Start of Block

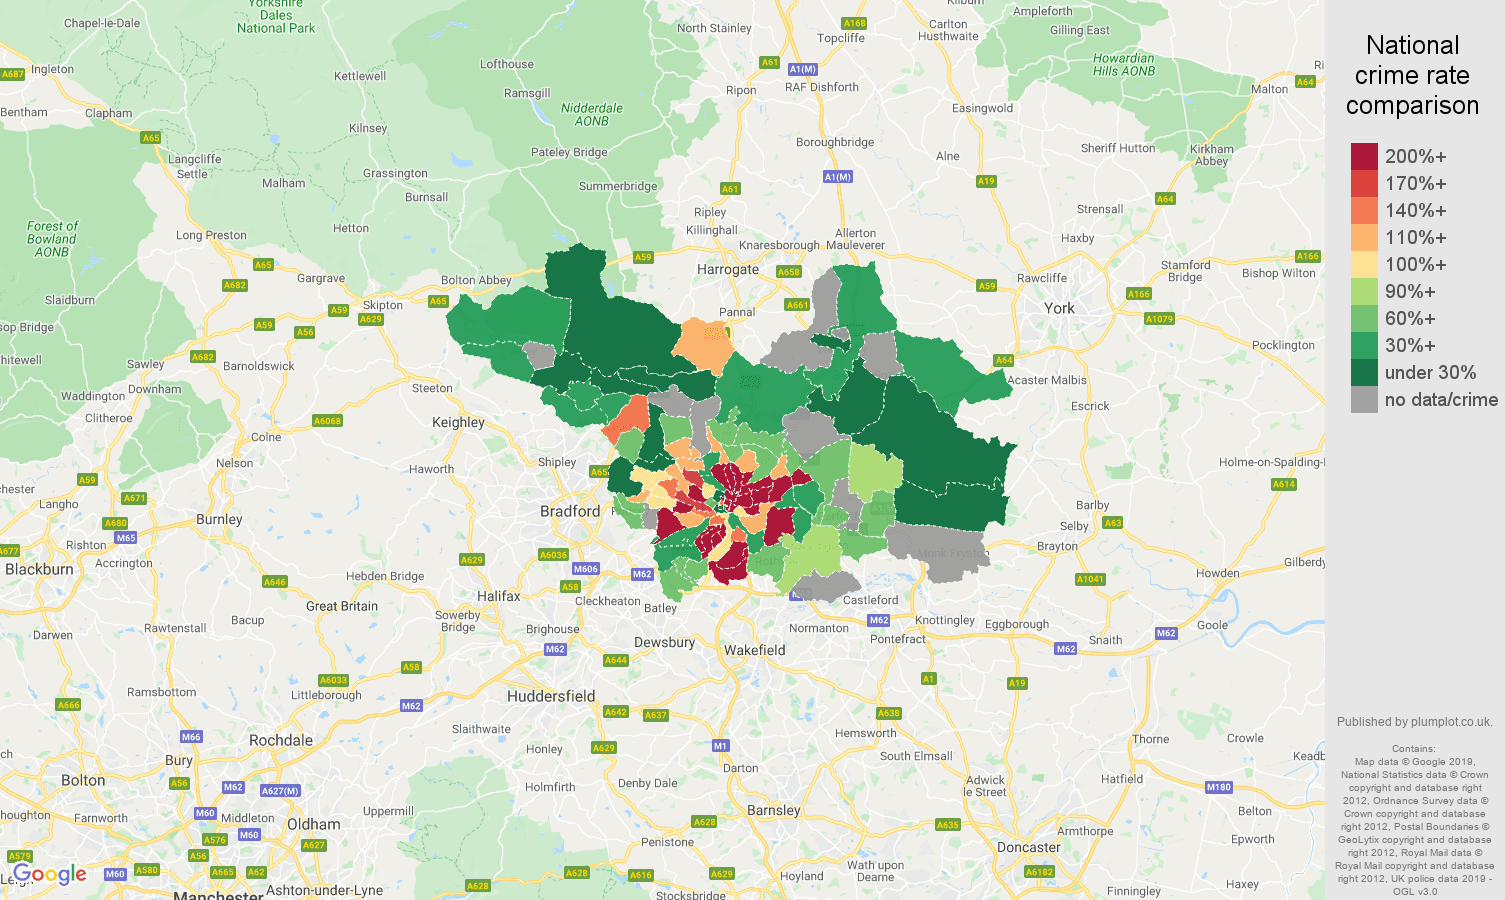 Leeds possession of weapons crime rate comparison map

End of Block
Start of Block

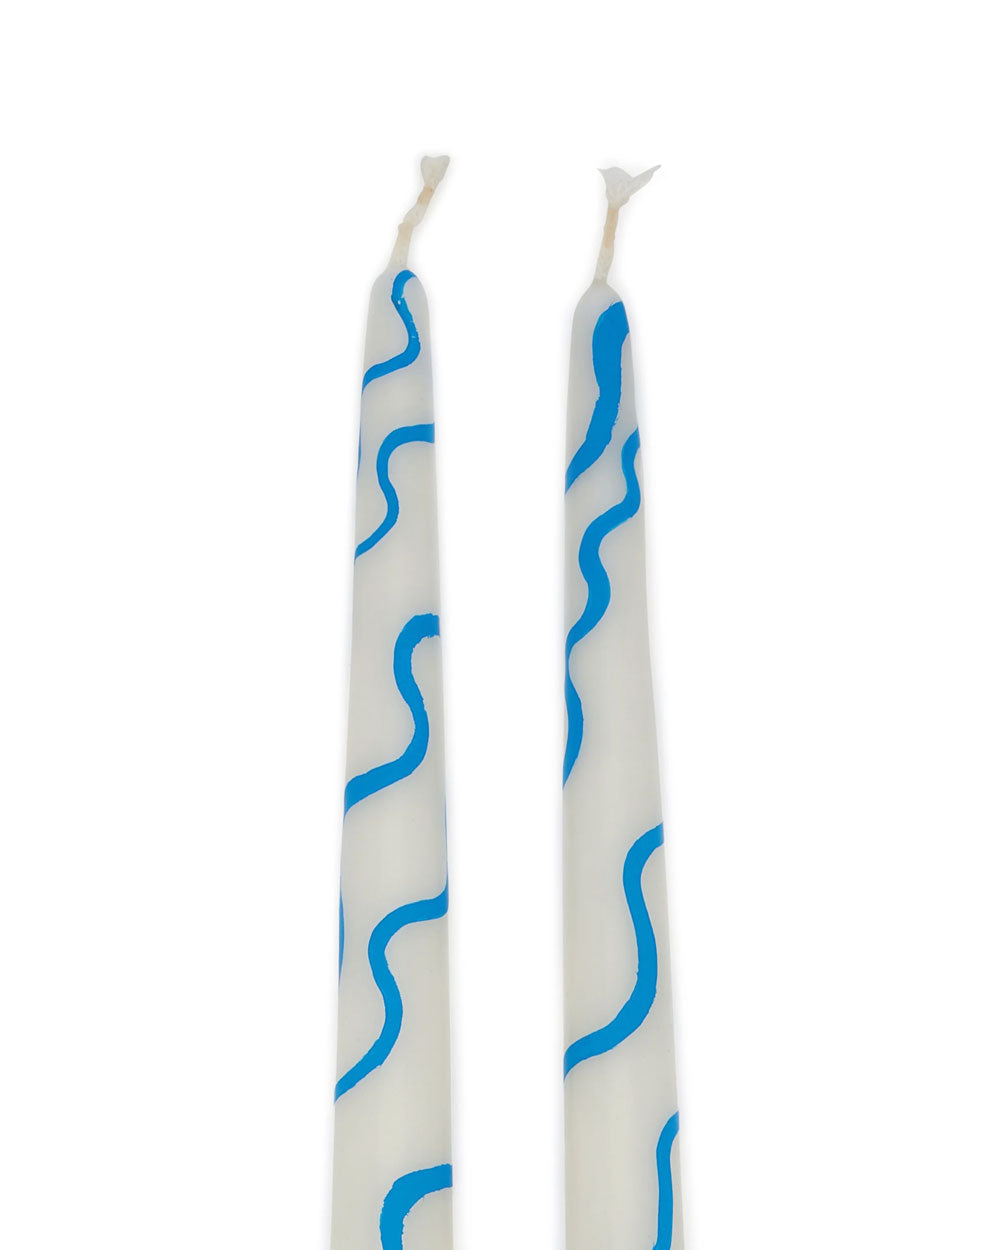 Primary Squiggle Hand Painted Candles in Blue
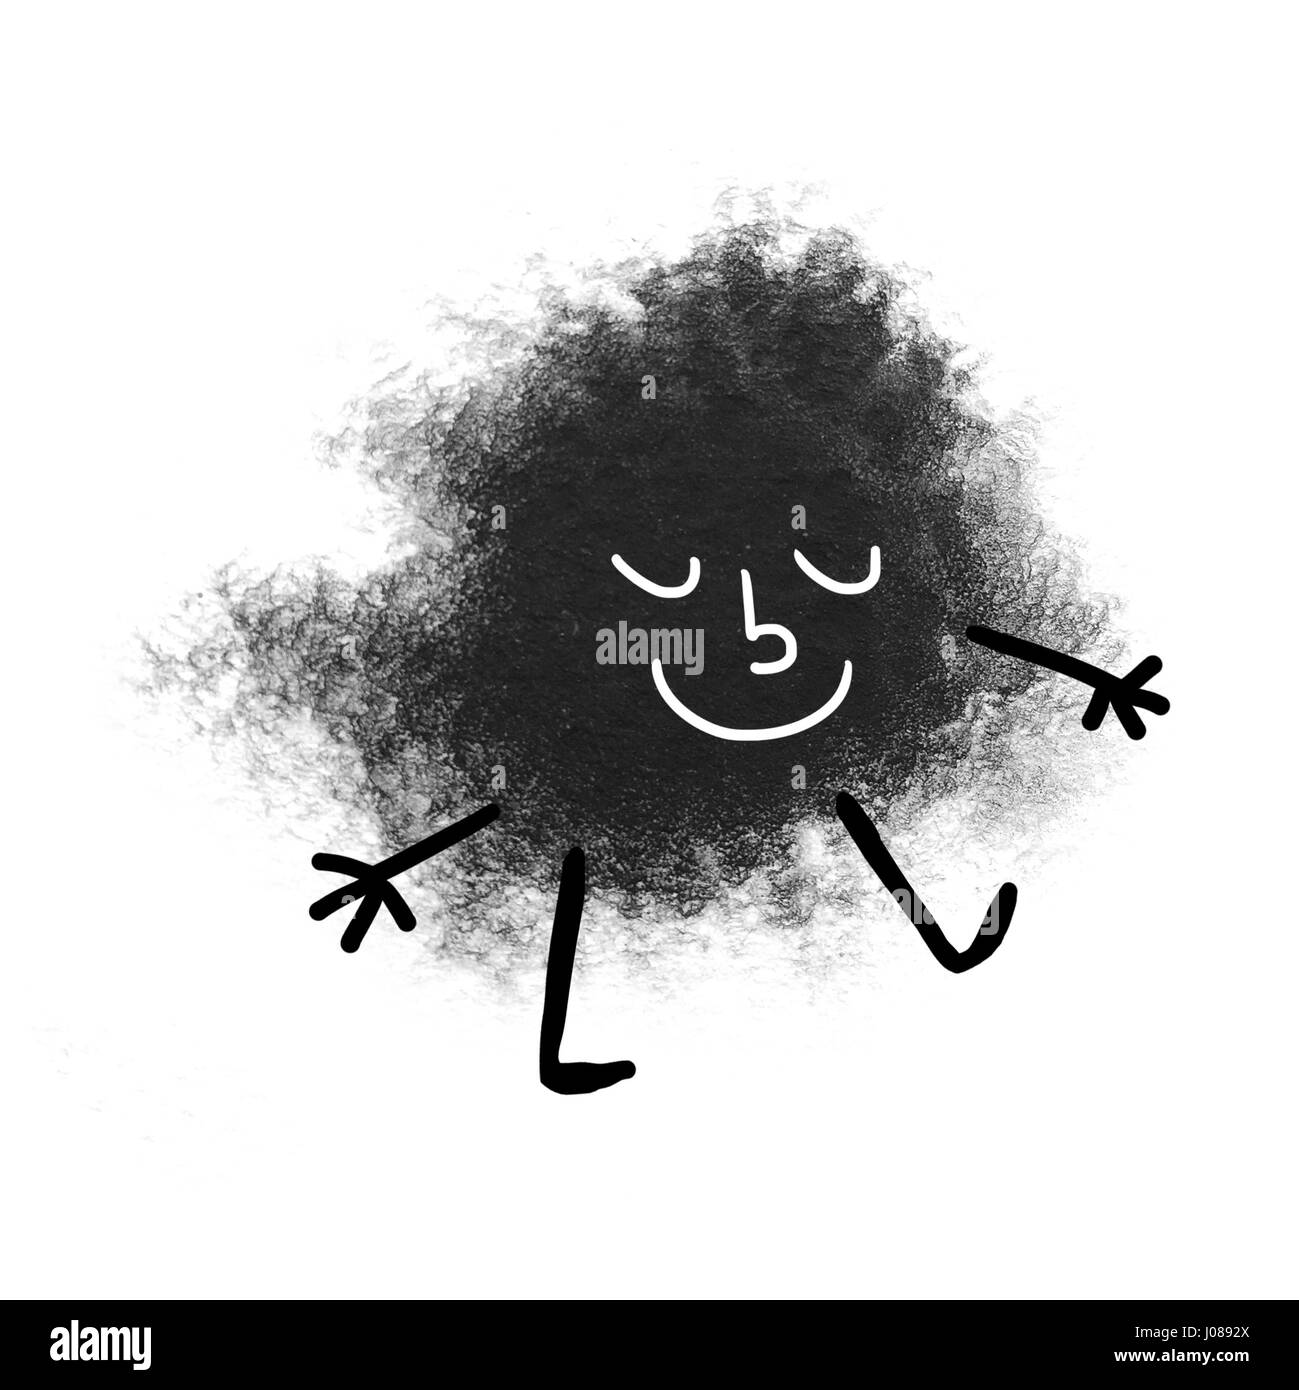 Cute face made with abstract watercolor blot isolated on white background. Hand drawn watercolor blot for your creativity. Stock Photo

End of Block

From the listing above, please give again the lines that begin with the line holding "Primary Squiggle Hand" and go on through the line holding "Cute face made", exactly, both ends included, minus any picture.

▶ **Solution for this problem**:
 Primary Squiggle Hand Painted Candles in Blue
 Cute face made with abstract watercolor blot isolated on white background. Hand drawn watercolor blot for your creativity. Stock Photo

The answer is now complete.